FBIP diagnostics are available with ORI_DUMP_AFTER_ARC=1.

Prior Art

Lean 4 (src/Lean/Compiler/IR/ExpandResetReuse.lean) pioneered the token-based reset/reuse pattern. AIMS follows Lean’s design with additions for cross-block detection, projection-increment erasure, self-set elimination, collection recycling, and lattice-driven eligibility.

Koka and the Perceus paper formalize reuse as part of the Perceus framework and introduce the FBIP concept. The FP2 paper (2023) extends this with guaranteed zero-net-allocation for qualifying functions. AIMS implements FBIP as a lattice-derived certification rather than a separate diagnostic pass.
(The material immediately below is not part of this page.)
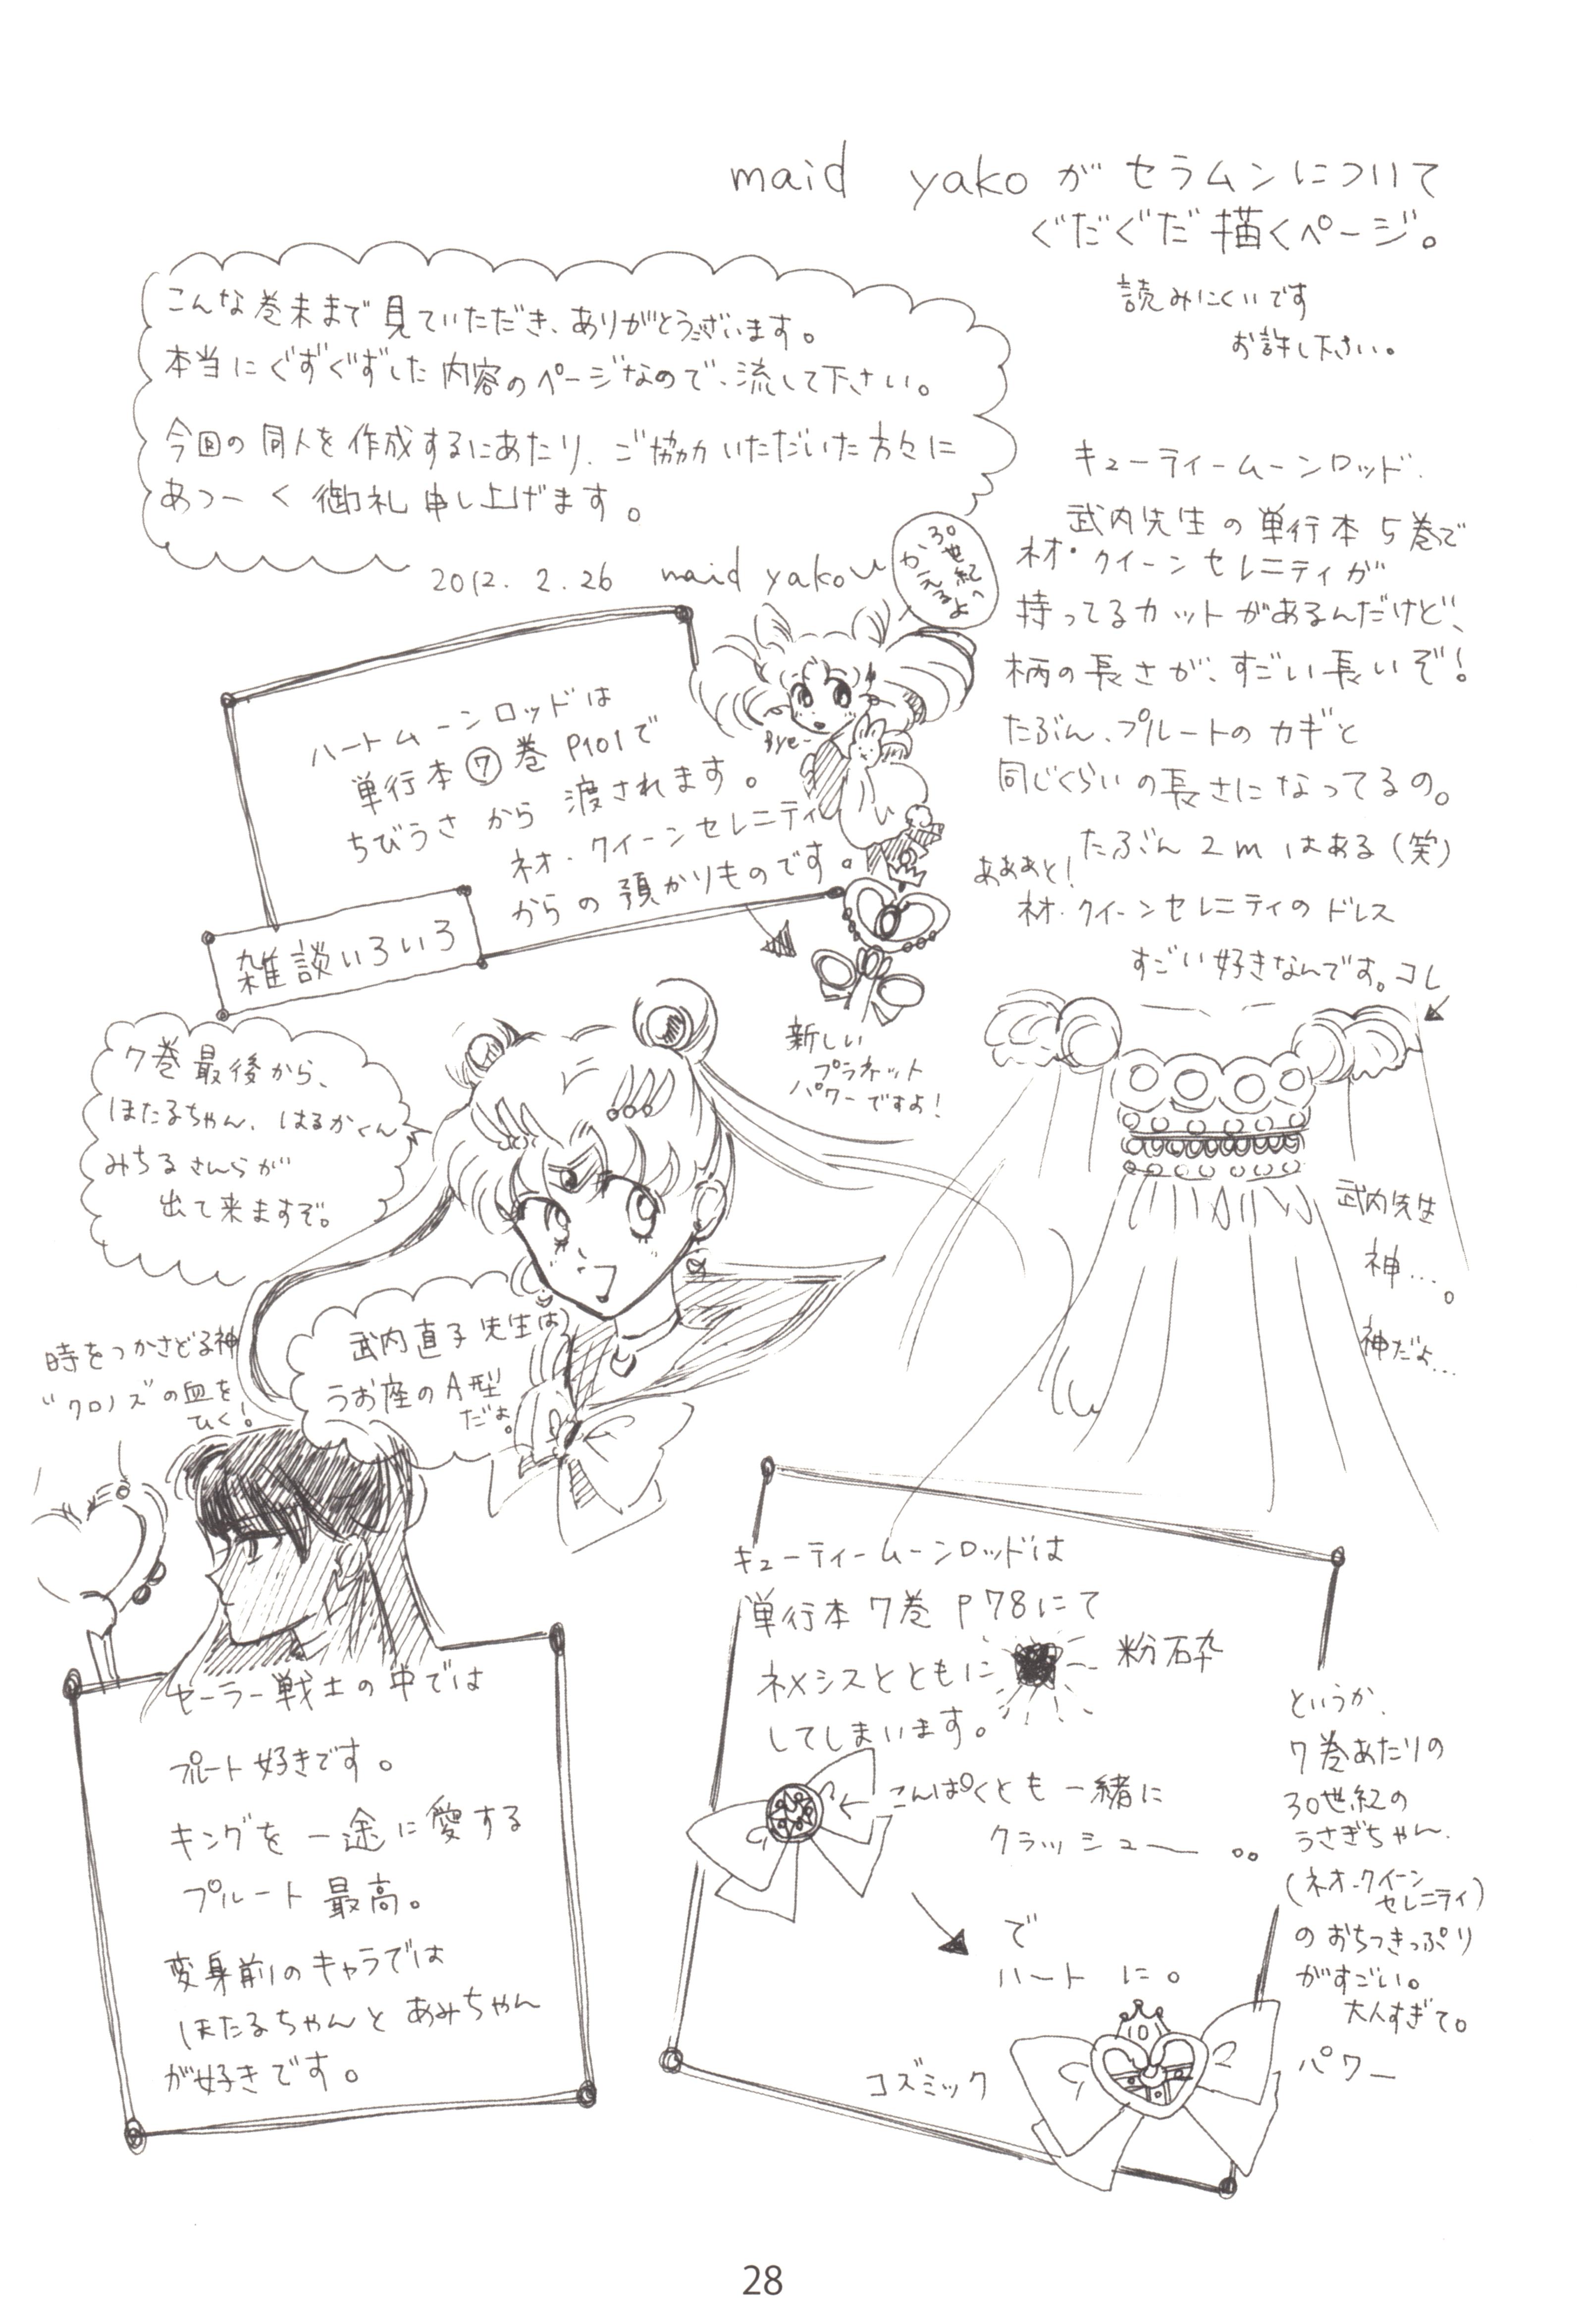 Senshi-no-tsue-29

Swift uses isKnownUniquelyReferenced for COW container optimization — a runtime check similar to IsShared, but applied at the collection API level rather than at the constructor level.

Design Tradeoffs

Lattice-driven vs pattern-matching detection. AIMS uses the converged lattice state (ShapeClass, Uniqueness, Consumption) to identify reuse candidates, rather than pattern-matching RcDec/Construct pairs after RC insertion. The lattice approach has more information available (cross-dimensional synergy) but requires the analysis to complete before any reuse decisions are made.

Detection then expansion vs direct emission. Separating detection (producing Reset/Reuse intermediates) from expansion (lowering to IsShared + branches) keeps each phase focused. Direct emission would avoid the intermediate instructions but would make the detection phase much more complex.
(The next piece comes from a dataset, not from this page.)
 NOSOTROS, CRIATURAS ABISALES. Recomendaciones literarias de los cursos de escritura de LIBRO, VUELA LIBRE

Conservative type matching. Reuse requires exact type equality, not structural compatibility. This is safe but may miss opportunities where two types have identical layout. Relaxing the constraint would require layout analysis.

Collection exclusion. Collections are excluded from constructor-level reuse because their buffer size depends on capacity, not element count. Collection recycling handles the buffer-level optimization separately.